Attorney General Dave Yost | Facebook Website
Attorney General Dave Yost | Facebook Website
Ohio Attorney General Dave Yost, alongside 49 other attorneys general, has finalized a $52 million settlement with Marriott International Inc. This agreement concludes an investigation into a prolonged data breach involving the guest-reservation system acquired by Marriott.
The breach affected the personal information of approximately 131.5 million hotel guests. Compromised data included contact details, reservation data, and in some instances, unencrypted passport numbers and payment card information. The breach traces back to Marriott's acquisition of Starwood Hotels in 2016, although unauthorized access began as early as July 2014 and was not detected until September 2018.
“Marriott was supposed to be a trusted gatekeeper of millions of people’s personal information, but it failed,” stated Yost. “We’re holding the company accountable and ensuring they tools in place to prevent a repeat performance.”
As part of the settlement terms, Marriott is required to enhance its data-security measures and provide specific consumer protections. The company will pay $52 million to the states involved in the settlement, including over $1.5 million allocated to Ohio.
The investigation concluded that Marriott breached state consumer protection laws by neglecting reasonable security measures despite assurances about their security practices. Besides the financial penalty, Marriott has agreed to adopt more robust security protocols such as improved employee training and multifactor authentication for loyalty accounts like Marriott Bonvoy.
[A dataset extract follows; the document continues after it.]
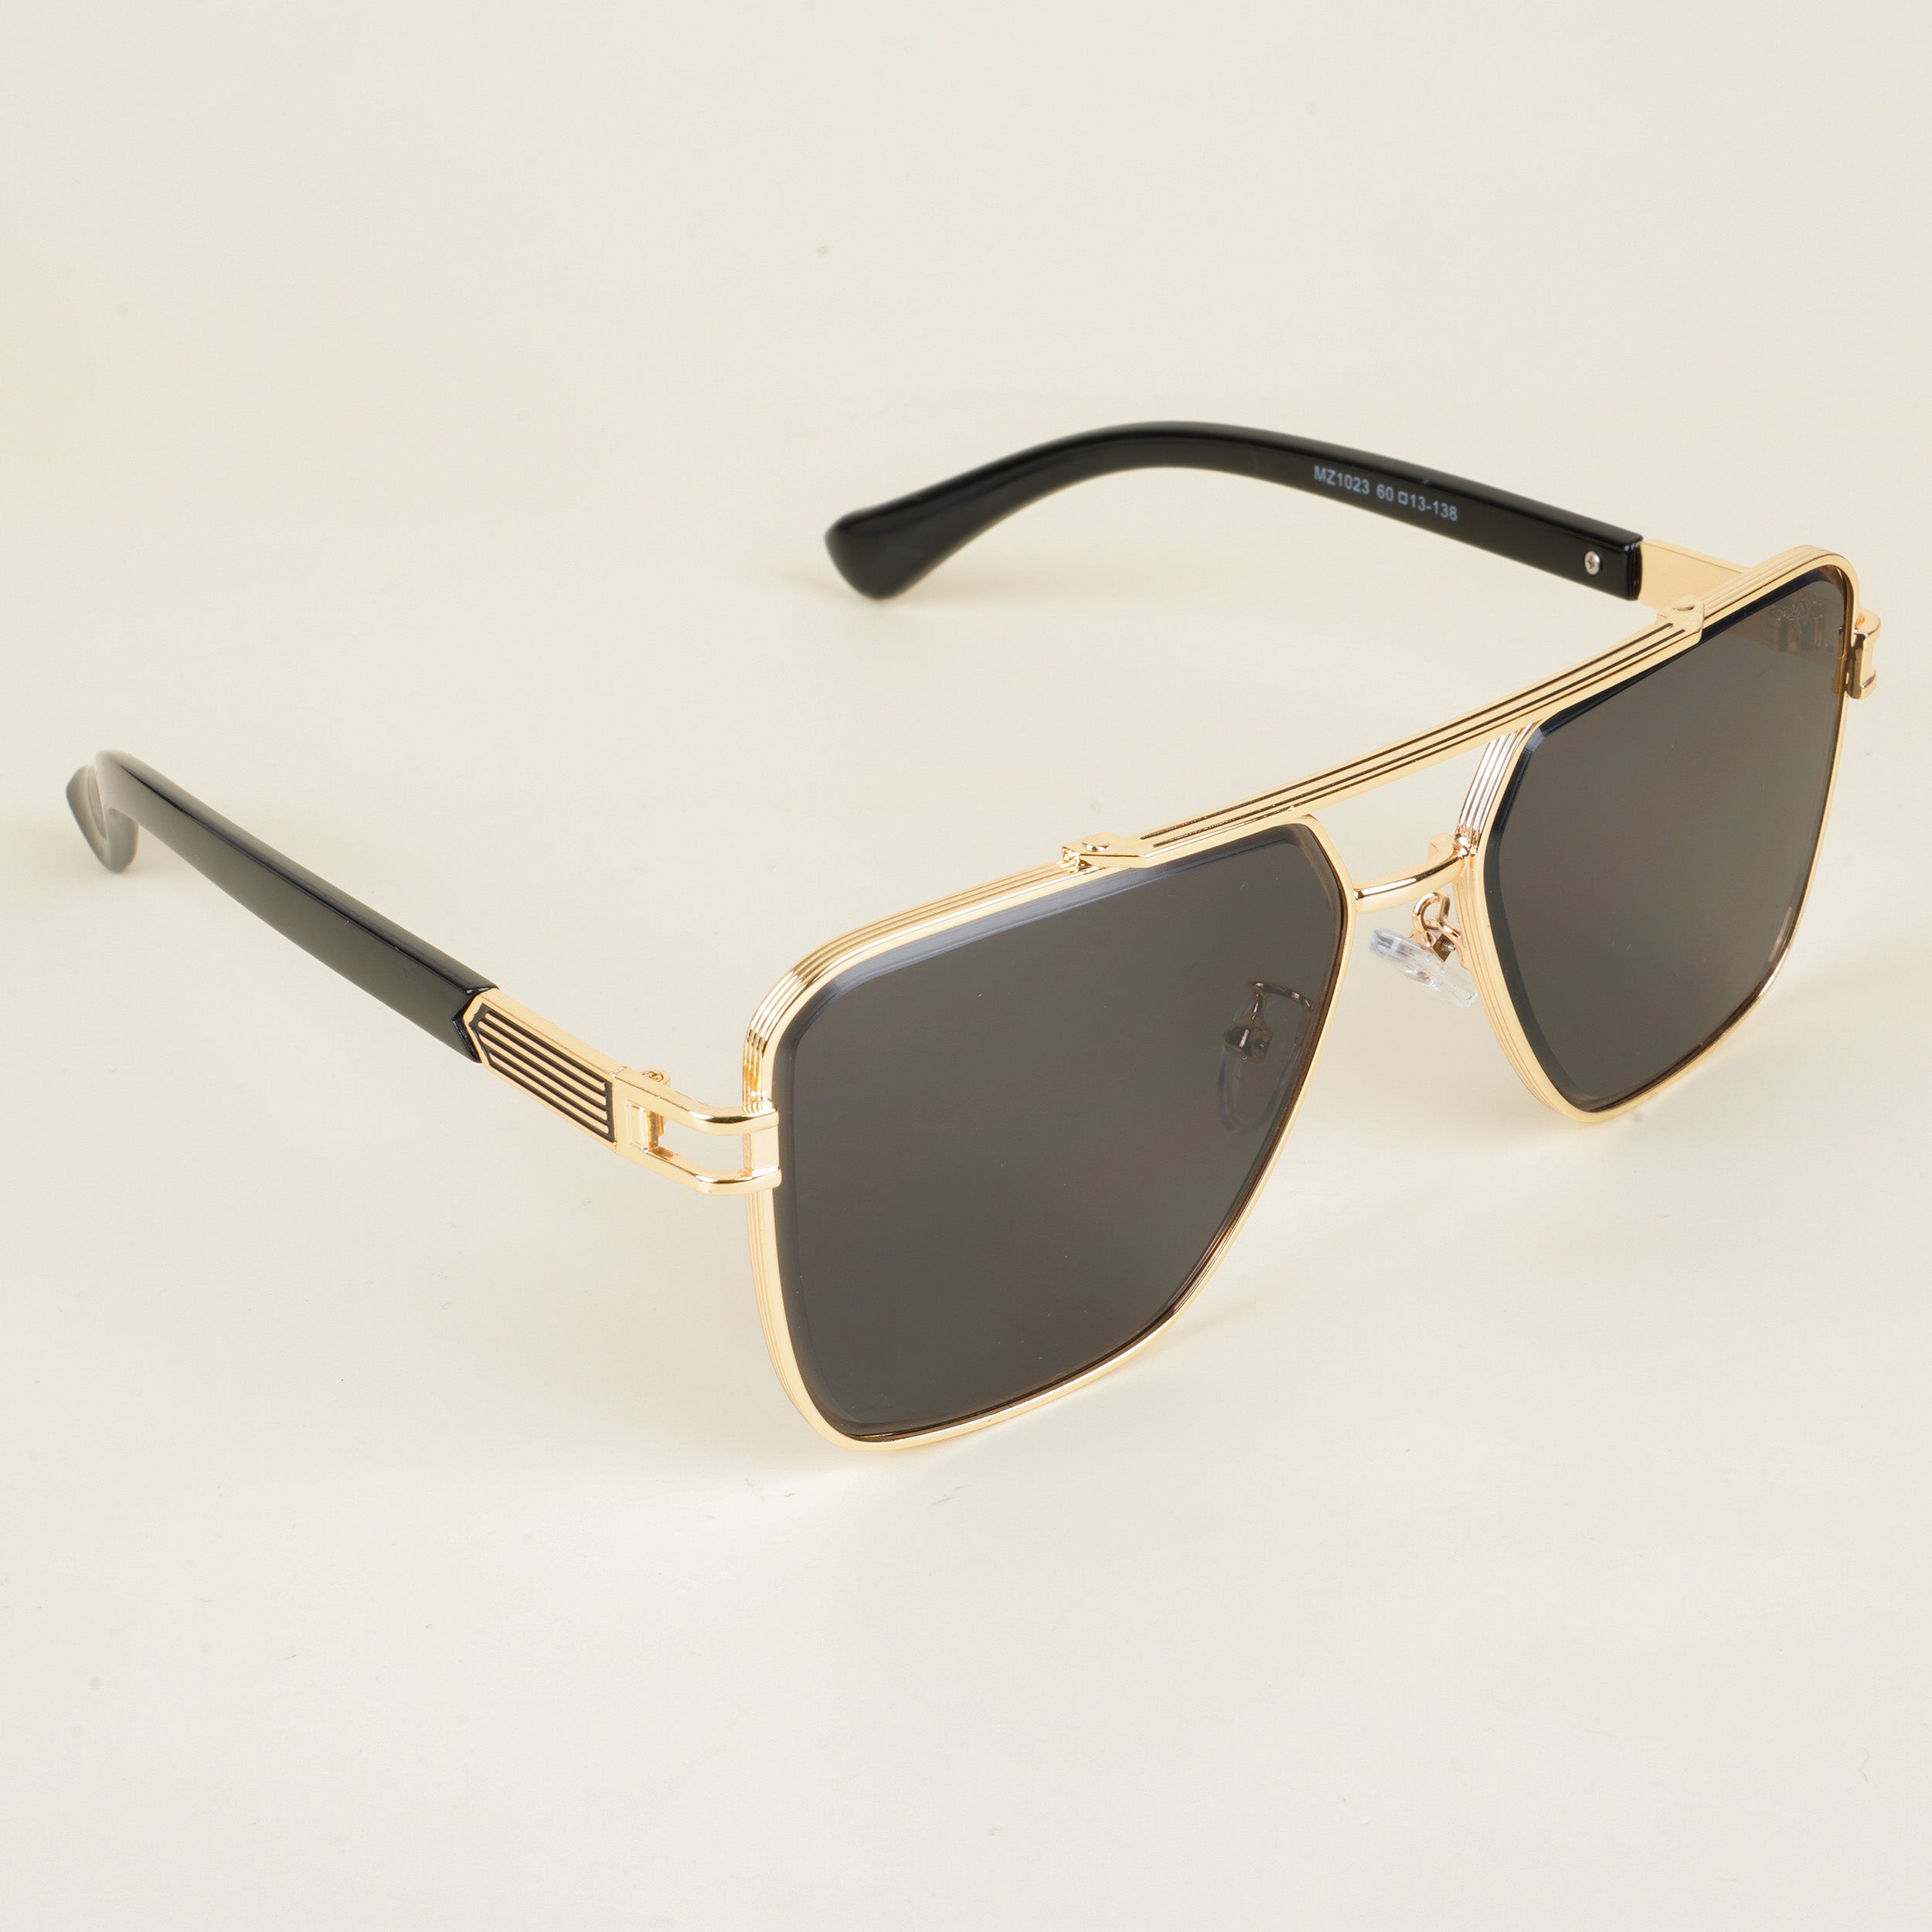 Voyage Wayfarer Sunglasses for Men & Women (Grey Lens | Golden Frame - MG5234)

Further stipulations include:
- Data minimization and disposal: Limiting collection and retention of personal information.
- Enhanced security for new acquisitions: Assessing security practices when acquiring new companies.
- Third-party assessments for 20 years: Undergoing independent evaluations every two years for two decades.
Attorney General Yost emphasized that beyond financial repercussions, this settlement underscores the critical need for companies to prioritize consumer-data protection.
“Companies need to be proactive and diligent when it comes to safeguarding the public’s personal information.”